Basically, I have a long document I edit every day. Scrolling through 30+ pages to work on one thing and then back 25 pages for something else is a pain.
I just want something on the side with a list of sections that I define and if I click on an item in that list the document jumps to that point. And I want this to be a part of the document so if other editors work on it they see the same thing (and I can copy the document and those tabs work).
I have looked this up and seen some things about tabs and links but I can’t seem to make it work. Seems like it would be an obvious feature to have. What am I missing?
I have some 2-300 page Google Docs where I ‘insert Bookmark’ at chosen reference points, then edit an index section that is a series of brief phrases, where I ‘insert link’ for each such bookmark. I don’t think Gdocs supports a sidebar, but if your desired number of section jumps is low you could put those links in a header or footer. I use twin monitors, and finally realized I can open the document twice [or more!], looking at and editing two separate areas - but it’s tedious and fussy, and gets balky at the high page counts - not sure if that might be due to me using a vintage Mac, and thus out-of-date browsers that Google Docs claim are not supported. YMMV.
I don’t know if this is exactly what you want–but I have a long document I keep of notes for the game I play in. Whenever we start a new section, I use “Heading 1” to title it, like “Session 1” or whatever. Then I used Insert→Page Elements→Table of Contents at the beginning, and it created a table of contents based on all the “Heading 1” titles. I can right-click on the ToC to update it, and when I click on any of the items in the ToC, it takes me directly to that part of the document.
I can also select View→Show Tabs and Outlines Bar, and it shows all these Heading 1 items as tabs on the left, which I can click on to take me there.
Yeah, it’s just like @Left_Hand_of_Dorkness said.

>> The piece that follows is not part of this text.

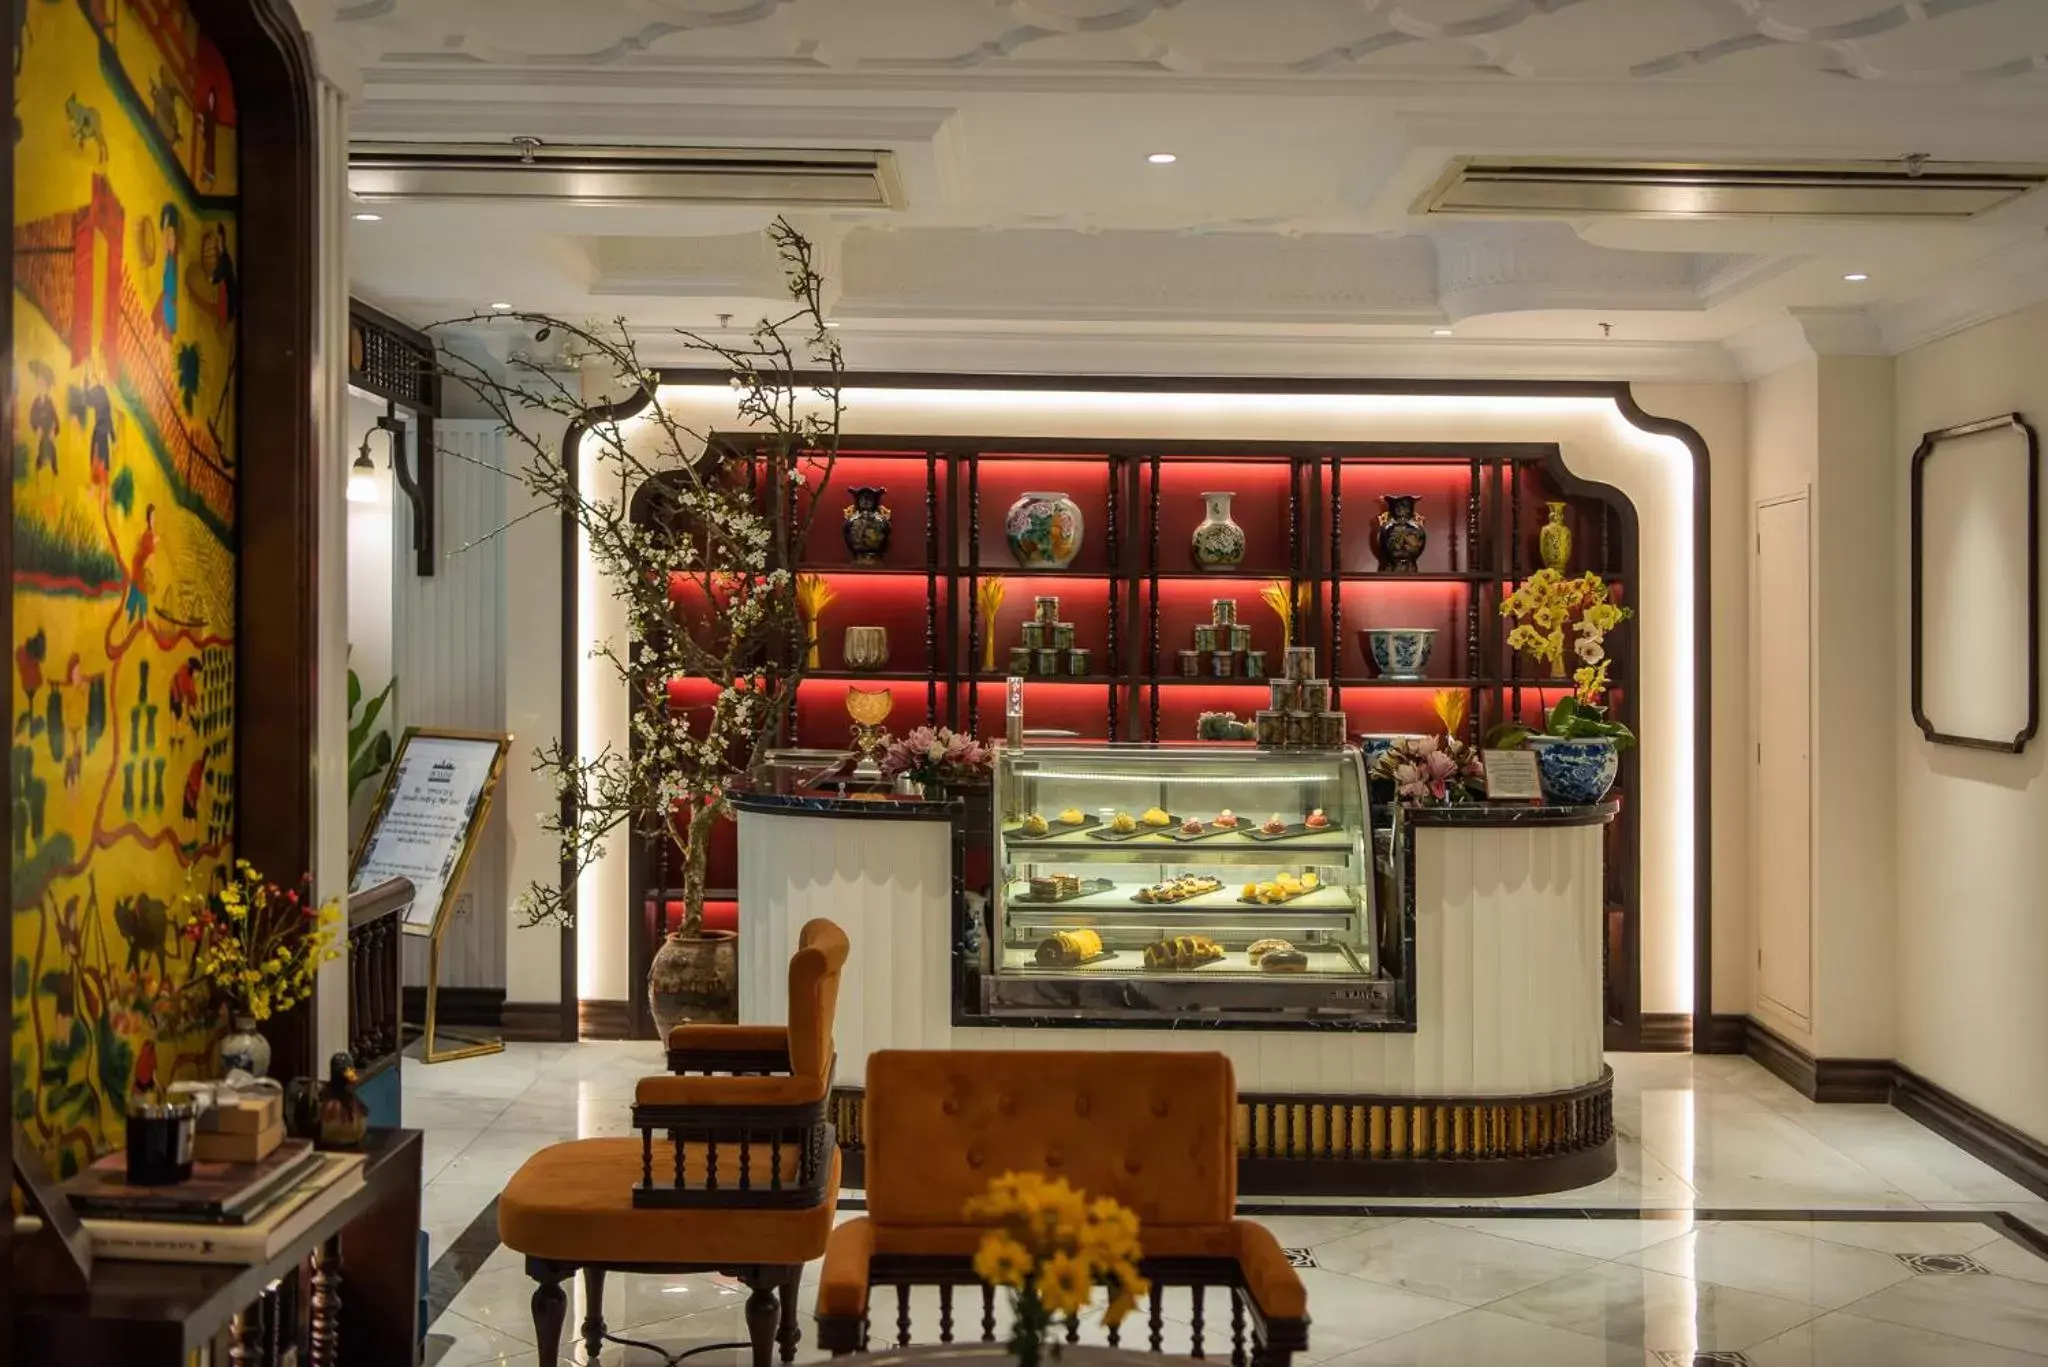 Lobby or reception in Hanoi Tirant Hotel

Use the built-in heading levels, open the Outline sidebar, and they’ll all be there for you to click on (even if you don’t manually enter a table of contents at the top).
If you don’t see the list immediately, you might just have to click once on “Tab 1”:
If you want to copy a link for someone else to go directly to a section, just right-click it in that sidebar:
Or as you said in the OP, you can use document tabs.
At the bottom right of a doc is an icon that looks like three bullet points. Click on it to open a panel on the left side that lets you create document tabs that break the doc into sections like chapters. You can name them, re-name them, re-order them, etc.
I’ve never printed a document with document tabs, but it appears to put each tab name on a separate page. If that doesn’t suit your purposes, you’d have to deselect (or discard) those pages when you print.